Приведенный пример показывает, как в процессе пристройки предпочитаемого образа этнической идентичности к реальной этносреде одновременно происходят позитивные клинико-психологические изменения. Данный клинический случай иллюстрирует экзопсихический (А.Ф.Лазурский), психогенный характер нарушения отношения пациента к природной среде. Иначе говоря, диагноз при поступлении в клинику (эндогенная депрессия) я полагаю неверным, если руководствоваться этнофункциональным критерием.
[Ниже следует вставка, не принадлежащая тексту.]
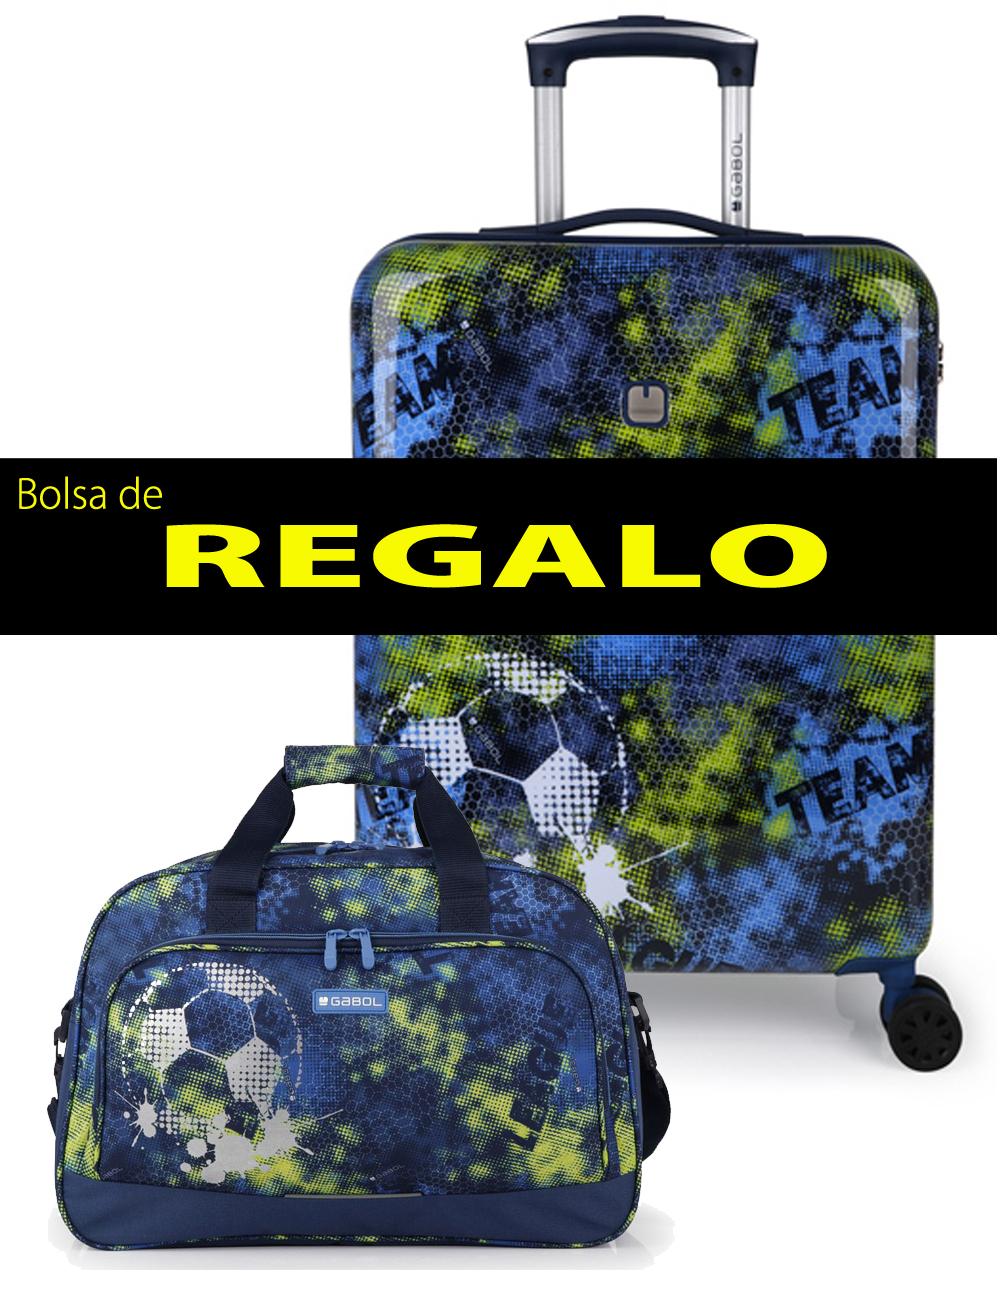 227222 B Maleta de Cabina más Bolsa de Viaje de Regalo Gabol Coach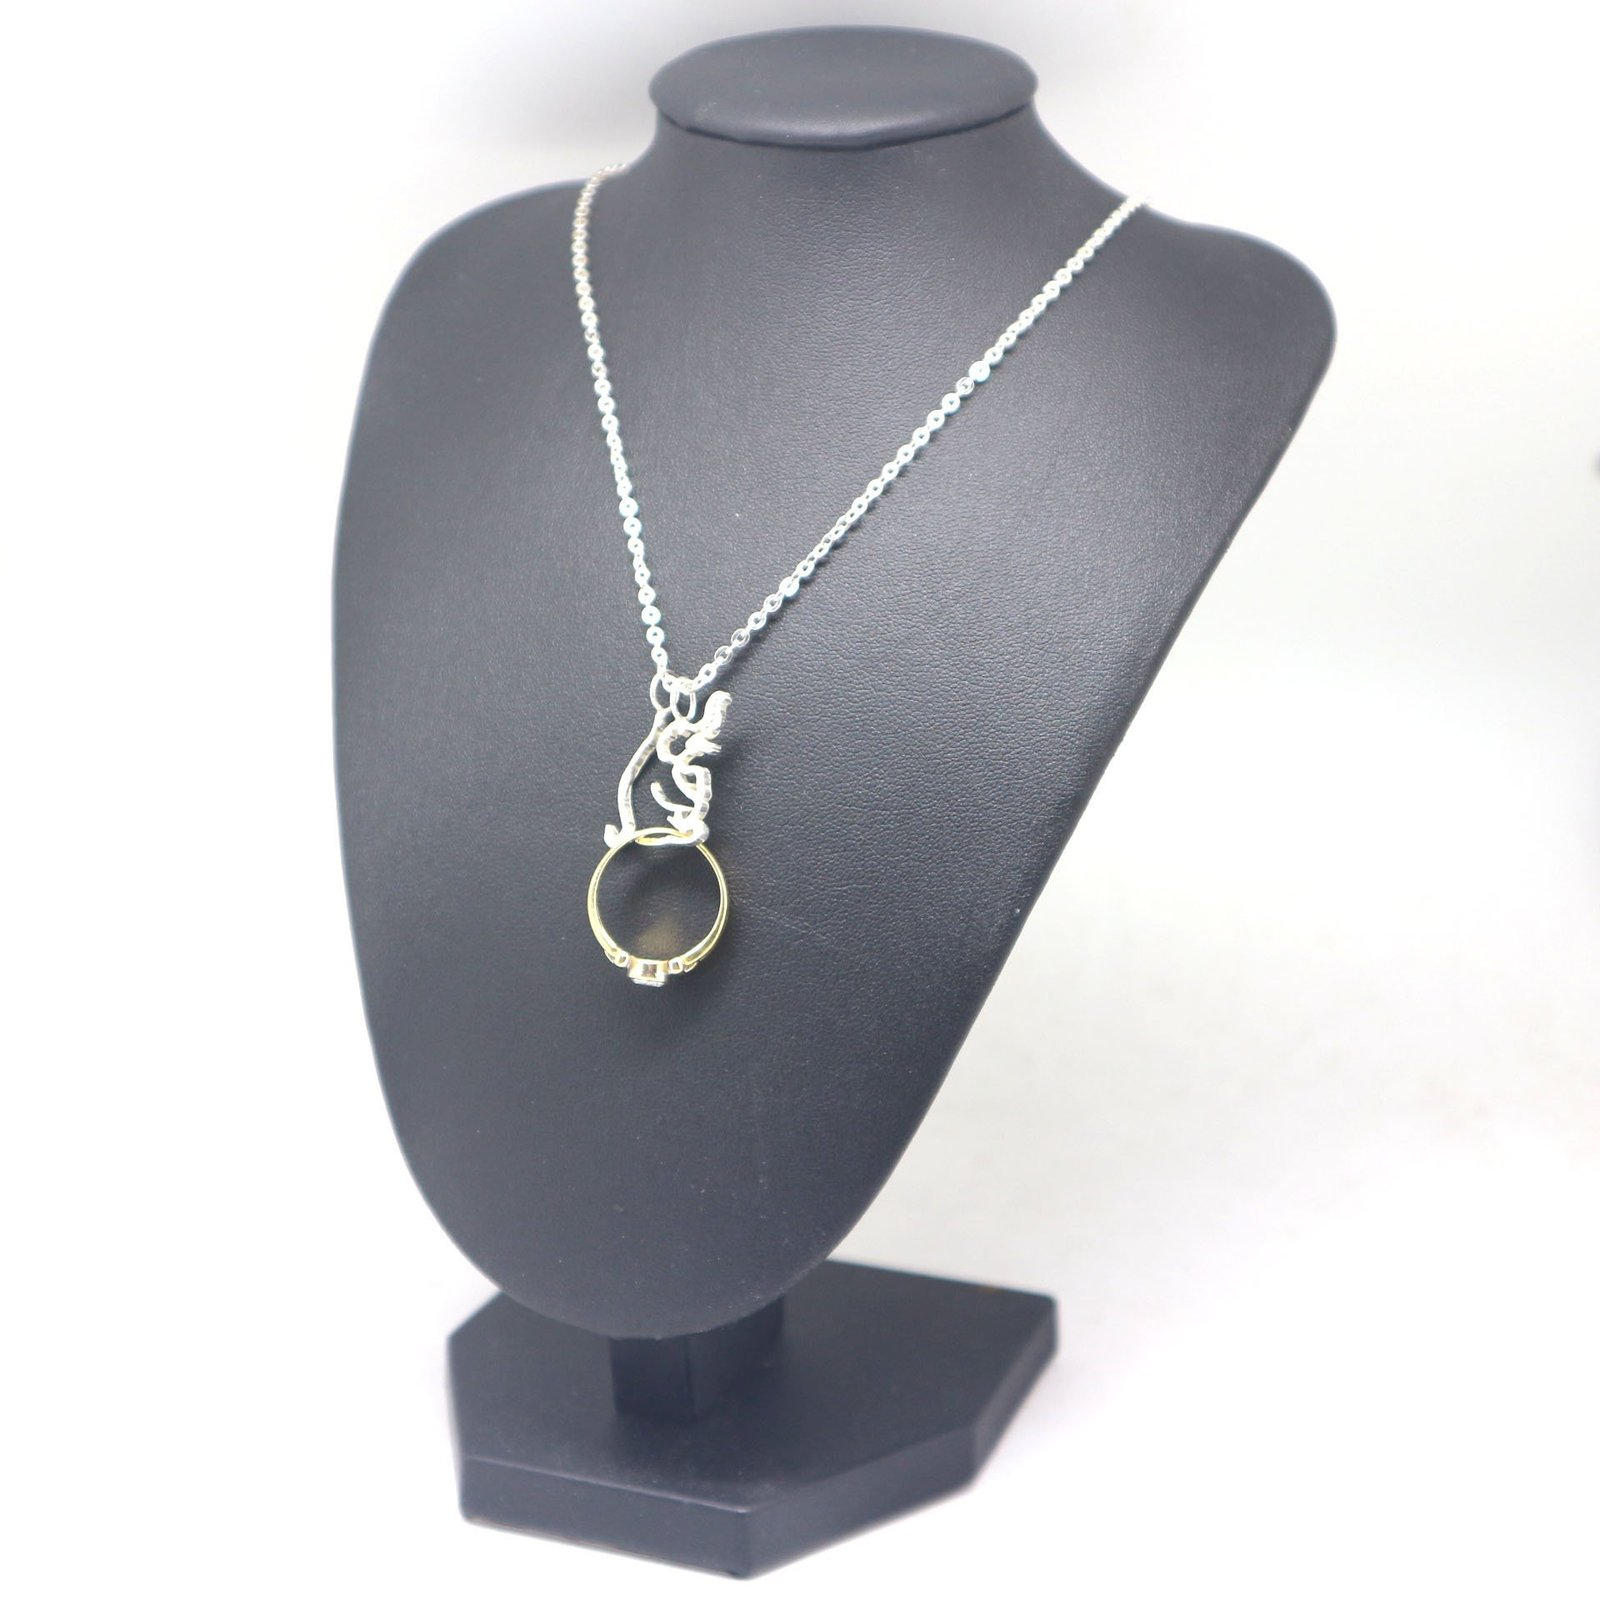 Silver Elephant Ring Holder Necklace Pendant image 5

Однако продемонстрированный в приведенном примере способ (тип) динамики этноида и, соответственно, повышения уровня психической адаптации в процессе этнофункциональной психотерапии не является единственно возможным. Следующие примеры иллюстрируют повышение адаптации «противоположным» способом.
Пример 2
Пациент родился и проживает в средней полосе России, госпитализируется повторно, болен в течение двух лет. Диагноз при поступлении: «эндогенная депрессия в рамках процессуального заболевания». Основная симптоматика: нарушения мышления, повышенная тревожность в связи с чувством отчуждения и трудностями в общении, а также снижением общей активности. По данным эхо- и энцефалограммы - незначительная черепно-мозговая гипертензия и умеренное расширение желудочковой системы мозга. К психотерапевтическим сеансам относился с нарастающей заинтересованностью - от первого до последнего занятия. Вначале испытывал затруднения в понимании инструкций, был малоактивен; далее произошло значительное усиление активности, улучшилась вербализация эмоций; стал общительнее, повысилась продуктивность мышления. Основные трудности пациент испытывал в самом начале этапа этногерменевтики, в творческой работе по мифологическому осмыслению этнокультурной и природной среды. В конце данного этапа он, зачастую, давал весьма впечатляющие догадки о традиционномифологическом смысле тех или иных явлений (что могло быть известно только специалистам по древнему славянскому фольклору).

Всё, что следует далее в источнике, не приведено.